With 30 points in 40 games for the Marlies, Liljegren doubled his 2018-19 production, earning the trust of Sheldon Keefe and then Moore in all situations. Certainly, he’ll be on call as a reserve for the Maple Leafs if or when the NHL playoffs begin.

"He’s done a great job educating himself with the resources and people around him and asking the right questions. I think he understands what it takes," Moore says.

"I’m sure he knows he’s right on the tip of things happening for him full-time at that level. Within this pandemic, the pause and where we’re at in hockey right now, maybe he’s going to have to be more patient, but I think he’s up for it."


• Gilman wouldn’t put an exact number on it, but a handful or two of the Marlies have been informed they are on standby and should be prepared to practice and play as black aces as soon as the Maple Leafs’ season resumes.

• Marlies not on the taxi squad have already conducted their exit interviews. Prospect Jeremy Bracco, the Marlies’ leading scorer in 2018-19, is among those who have had an exit interview.

• While the return of the gate-driven American Hockey League is causing serious financial concern in some markets, Gilman did note this: "The Marlies are an economically viable operation in their own right."

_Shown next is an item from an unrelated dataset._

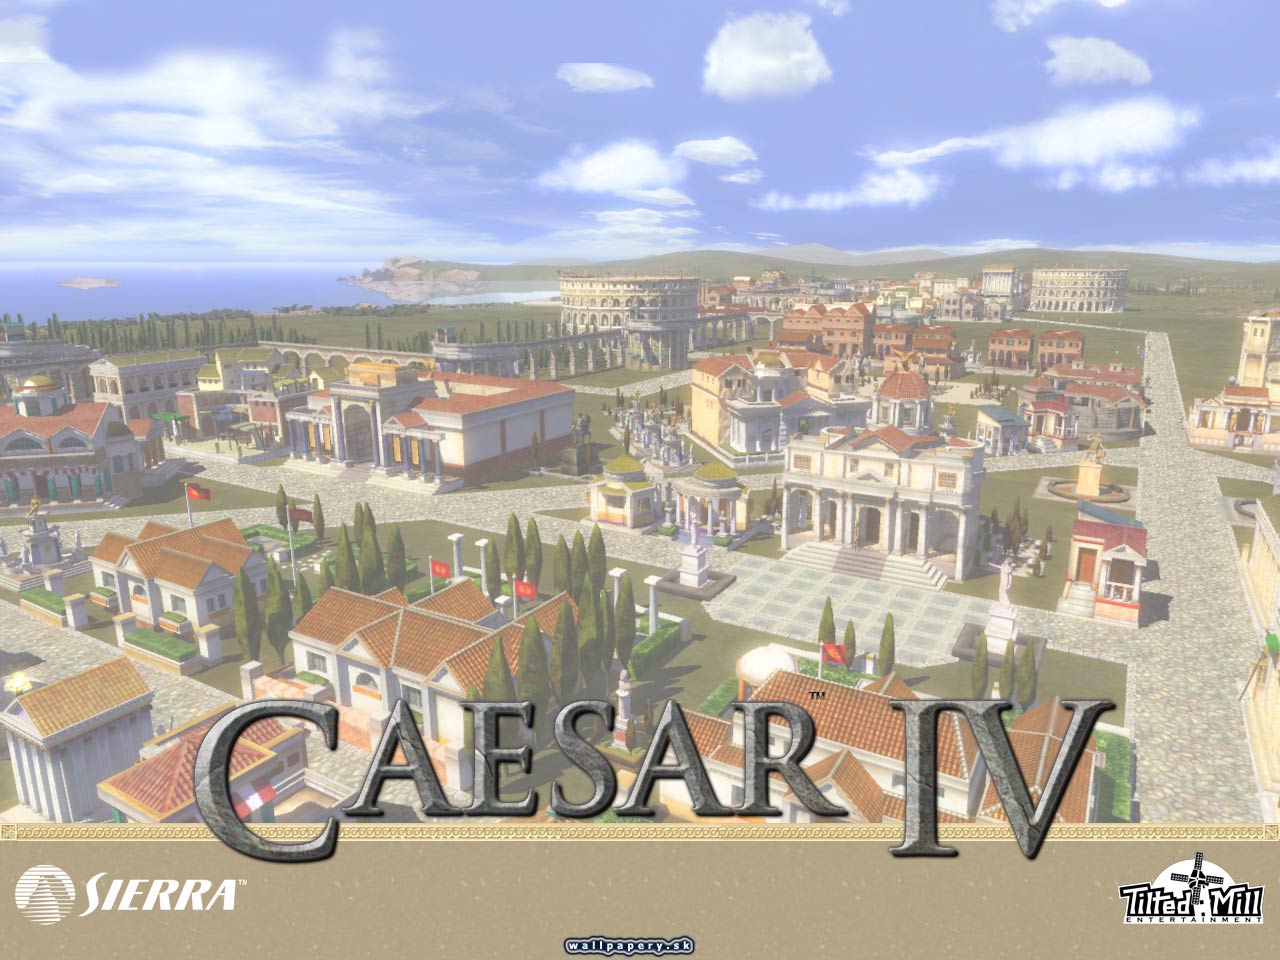 Caesar 4 - wallpaper 8
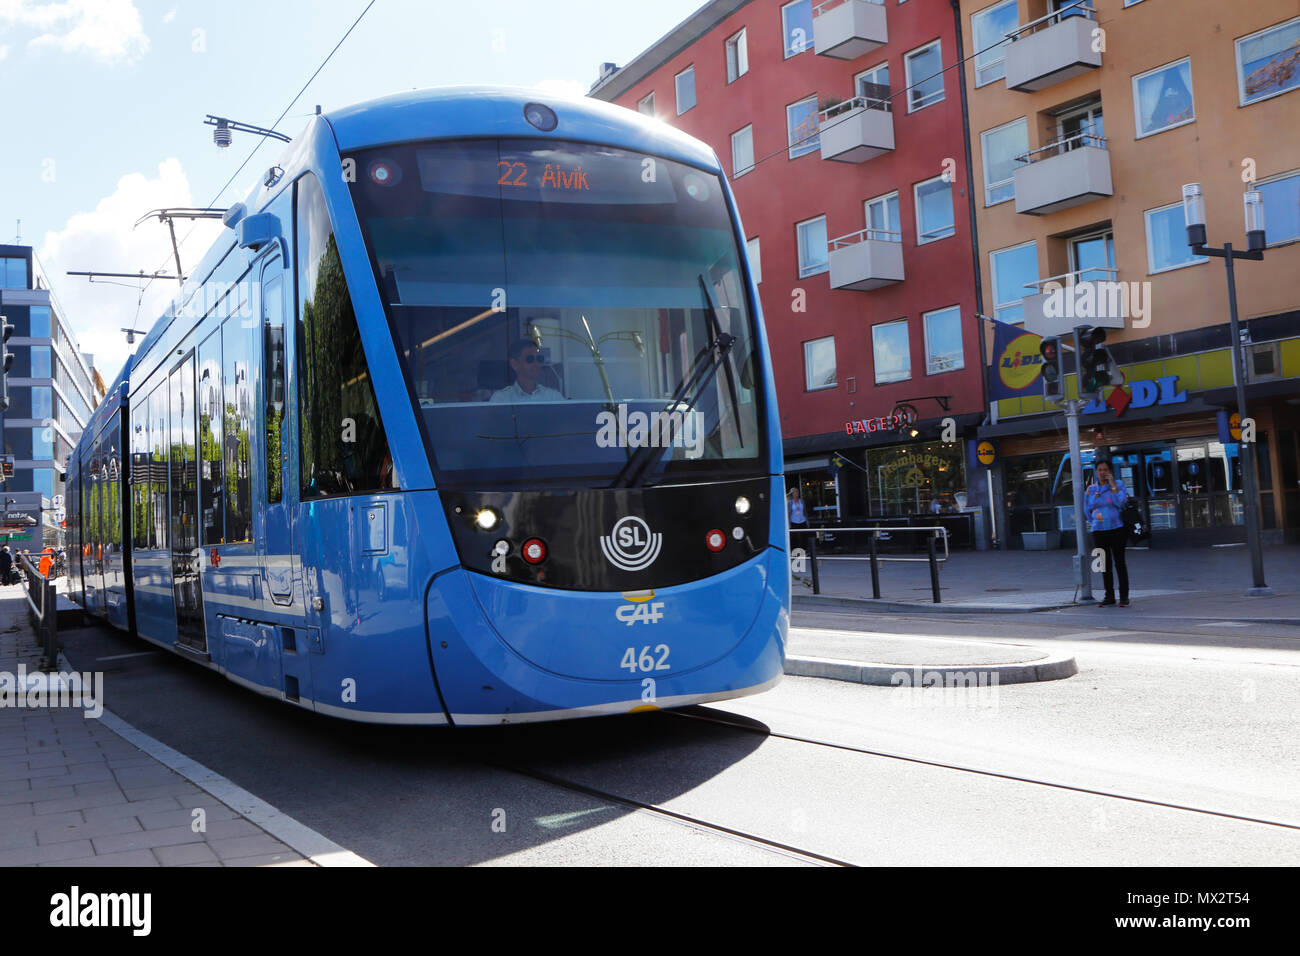 Sundbyberg, Schweden, 23. August 2016: Straßenbahn Klasse A 35 im Service auf Zeile 22 für SL in Sundbyberg Stadtzentrum an der Straße landsvagen. Stockfoto

• Goalie prospect Joseph Woll had a tough stat line in his first pro season: 11-16-3, .880 save percentage. But the organization remains high on the 21-year-old, reminding Woll that goaltending is the one position that takes the longest to develop, longest to reach the NHL, but then your career can last longer than an average player. "We think we have a very good, young, up-and-coming goaltender in Joe Woll," Gilman said.

The Marlies are also pleased with Kasimir Kaskisuo (UFA) and are hopeful Ian Scott can bounce back from hip surgery. "We’re happy with what we have in the pipeline, but like any franchise," Gilman said, "you can never have enough goaltending — like pitching in baseball."

• Despite being mired in an extra-long off-season, Moore has been trying to engage the Marlies via video review and individualized workout regimes. "Their days are very mundane and the same day-to-day not being able to leave their home, so I’m trying to continue to build those relationships, which are very important, and continue to get them thinking hockey," Moore said.